Start by loading a small sample dataset into a pandas DataFrame for local experimentation:

```python theme={null}
import pandas as pd
import numpy as np
from sklearn.preprocessing import OneHotEncoder, MinMaxScaler, StandardScaler
from sklearn.model_selection import train_test_split

# Sample dataset
data = {
    "house_size": [1500, 1800, 1200, np.nan, 2000],
    "num_bedrooms": [3, 4, 2, 3, np.nan],
    "city": ["New York", "San Francisco", "New York", "Chicago", "San Francisco"],
    "year_built": [2000, 1995, 2010, 2005, 1998],
    "price": [500000, 700000, 350000, 450000, 750000]
}

df = pd.DataFrame(data)
print("Original Data:\n", df)
```

### Encoding categorical variables

* One-hot encoding expands nominal categories into binary columns (useful for low-cardinality categorical variables).
* Ordinal encoding maps categories to integers when a natural order exists.
* For dates, extract year/month/dayofweek with dt accessor.
* For text, use length, token counts, or embeddings depending on needs.

```python theme={null}
# One-hot encoding a nominal column
df_onehot = pd.get_dummies(df, columns=["city"], prefix="city")
print(df_onehot.head())

# Ordinal/label encoding (only when category order is meaningful)
df["city_label"] = df["city"].astype("category").cat.codes
print(df[["city", "city_label"]].head())

# Date example (if you had a 'sale_date' column)
# df['sale_date'] = pd.to_datetime(df['sale_date'])
# df['sale_year'] = df['sale_date'].dt.year
# Text feature example (if you had 'description')
# df['description_length'] = df['description'].str.len()
```

<Callout icon="warning" color="#FF6B6B">
  Be careful with target encoding: if you encode categories using information from the target without proper cross-validation or out-of-fold strategies, you can leak label information and inflate evaluation metrics.
</Callout>

### Feature transformations and interactions

* Use log or sqrt transforms to reduce skew and moderate the influence of extreme values.
* Create interaction features to capture multiplicative or combined effects.

```python theme={null}
# Log transform price to reduce skew (use log1p to handle zero safely)
df['log_price'] = np.log1p(df['price'])

# Square root transform (example on house_size)
df['sqrt_house_size'] = np.sqrt(df['house_size'])

# Interaction feature: house size multiplied by number of bedrooms
df['size_bed_interaction'] = df['house_size'] * df['num_bedrooms']
```

### Aggregations and grouping

Group-level statistics can be powerful features (e.g., mean price by city).
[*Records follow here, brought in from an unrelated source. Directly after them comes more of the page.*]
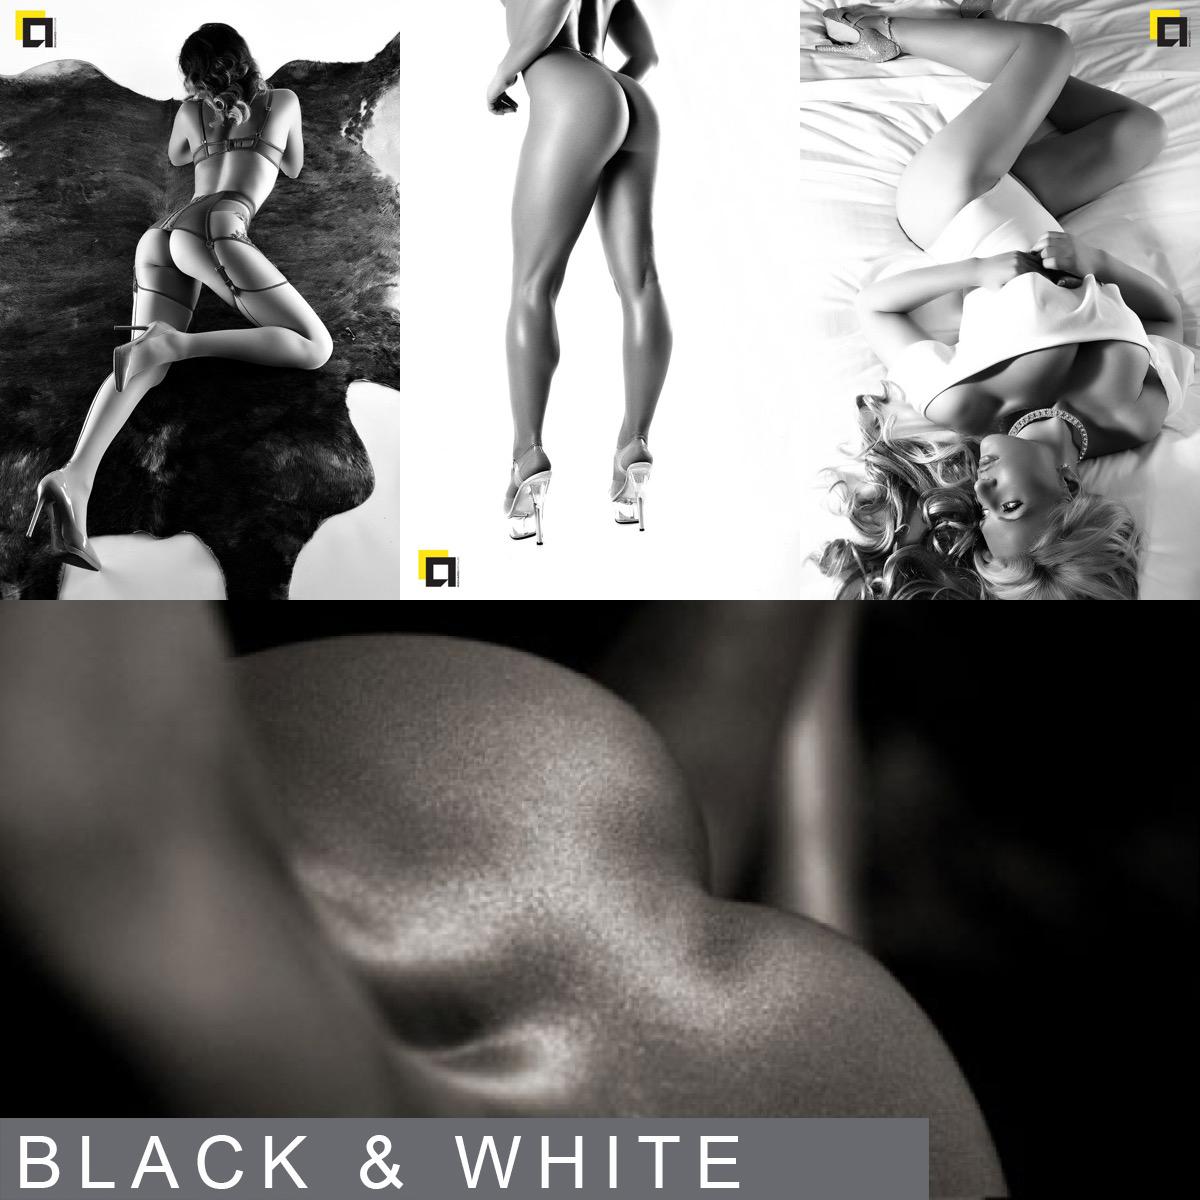 BLACK ABD WHITE.jpg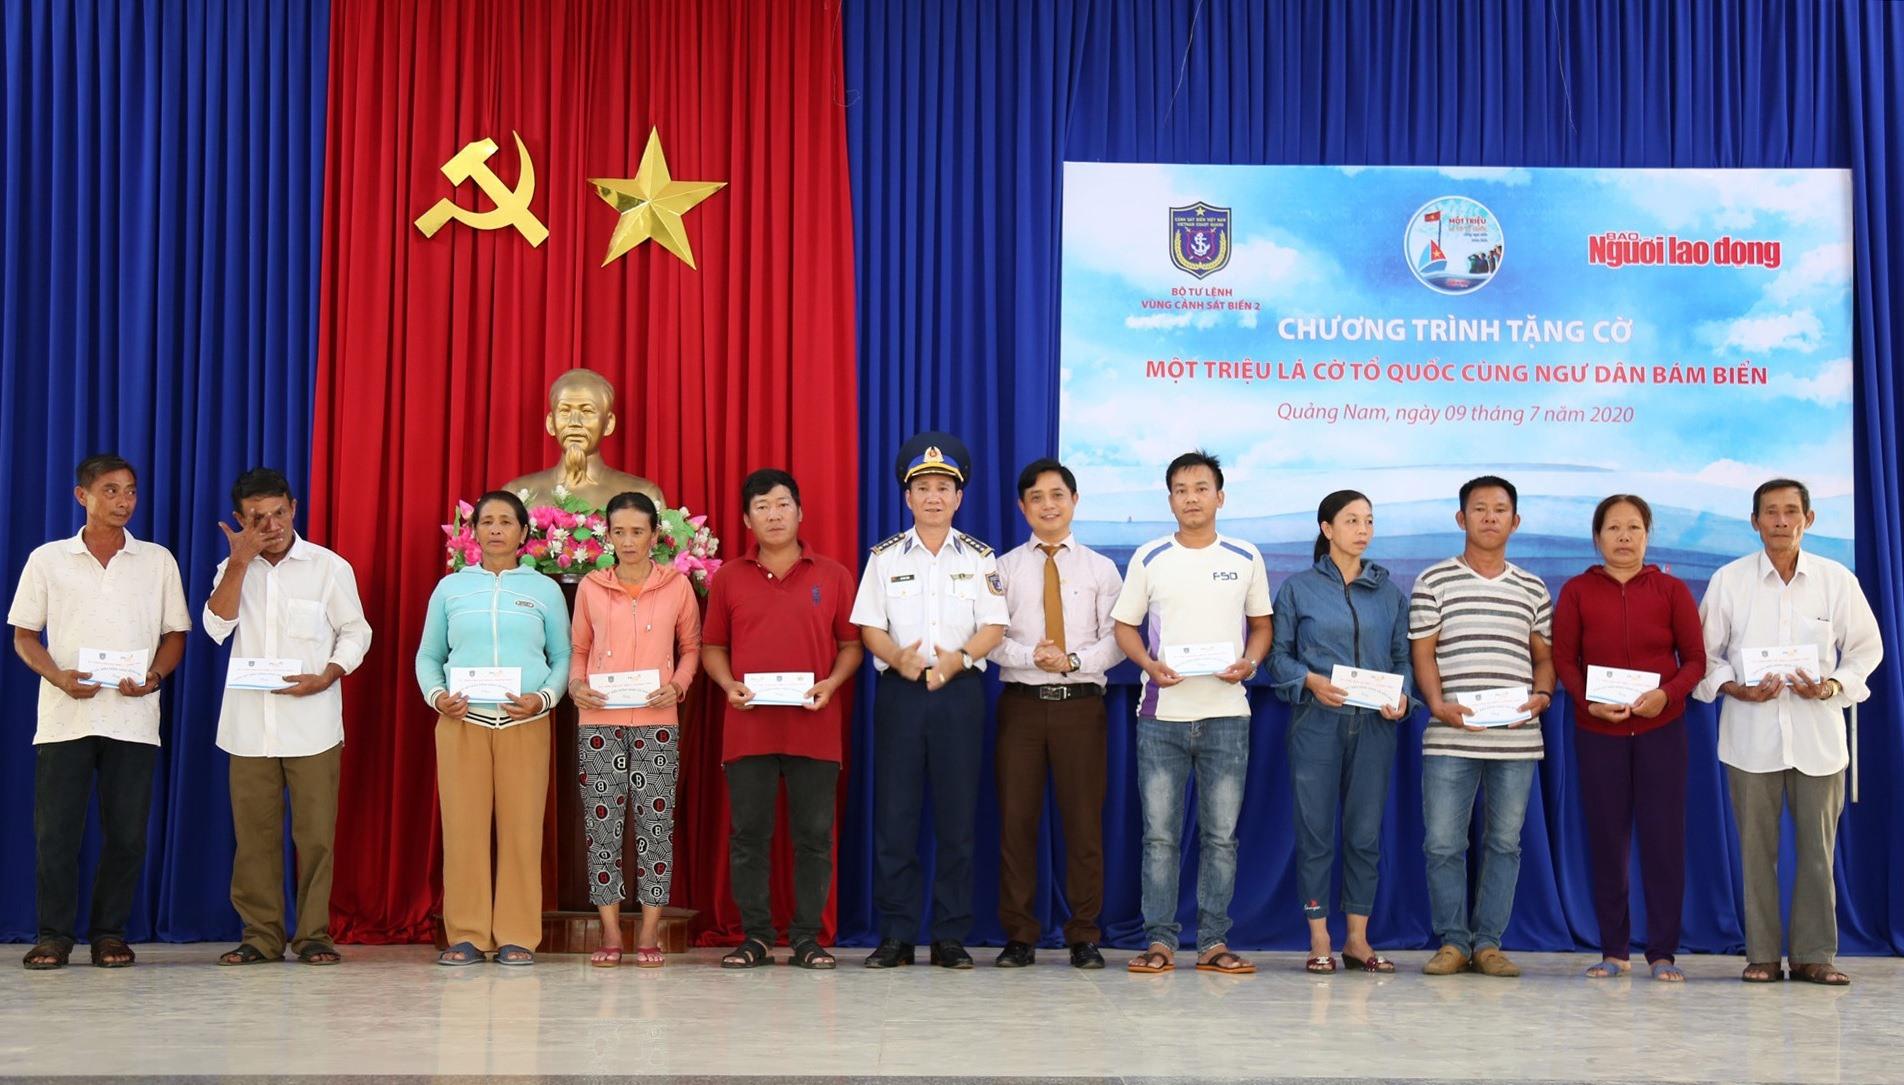 Ngoài cờ Tổ quốc, Báo Người Lao Động còn trao tặng 20 túi sơ cấp cứu cho ngư dân.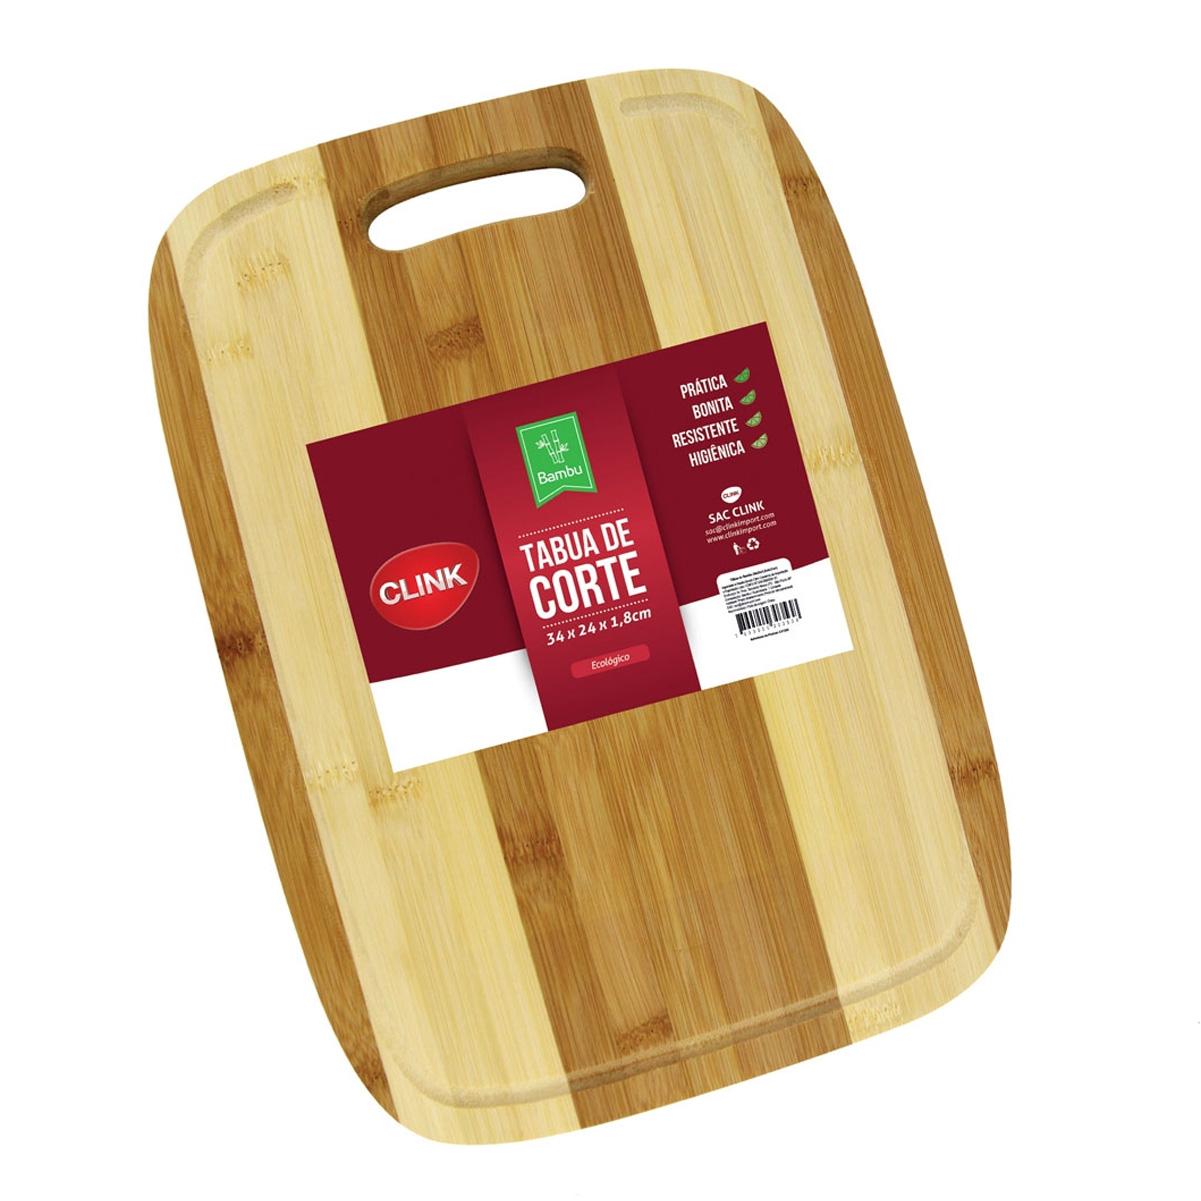 Tábua De Corte Carne Madeira Bambu Churrasco Pegador 34x24cm

Use groupby or pivot\_table and merge results back into the main DataFrame.

```python theme={null}
# Group by city and compute mean price
city_price_mean = (
    df.groupby('city')
      .agg({'price': 'mean'})
      .rename(columns={'price': 'mean_price_by_city'})
      .reset_index()
)

# Merge the aggregated feature back into df
df = df.merge(city_price_mean, on='city', how='left')
print(df[['city', 'mean_price_by_city']])
```

### Derived features, missing-value handling, dropping redundant columns, and scaling

Create derived features such as age, handle missing values with imputation strategies, drop original columns if redundant, compute ratios like price per square foot, and scale numeric columns for algorithms that require normalized inputs.

```python theme={null}
from sklearn.preprocessing import StandardScaler

# Derive house age
df["house_age"] = 2024 - df["year_built"]
print("\nAfter Adding House Age Feature:\n", df[["year_built", "house_age"]])

# Handle missing values by imputing with the median
df["house_size"].fillna(df["house_size"].median(), inplace=True)
df["num_bedrooms"].fillna(df["num_bedrooms"].median(), inplace=True)

# Drop redundant original column if we keep 'house_age'
df.drop(columns=["year_built"], inplace=True)

# Create price per square foot
df["price_per_sqft"] = df["price"] / df["house_size"]

# Standardize a numeric column (zero mean, unit variance)
scaler_standard = StandardScaler()
df["house_size_standardized"] = scaler_standard.fit_transform(df[["house_size"]])

print("\nFinal DataFrame:\n", df.head())
```

## Where to execute feature-engineering code at scale

* Local development: pandas + scikit-learn on a developer laptop is ideal for prototyping and experiments.
* Production-scale or repeatable pipelines: use managed compute and orchestration. SageMaker Processing is a common choice to run these transformations on managed instances and produce reproducible outputs.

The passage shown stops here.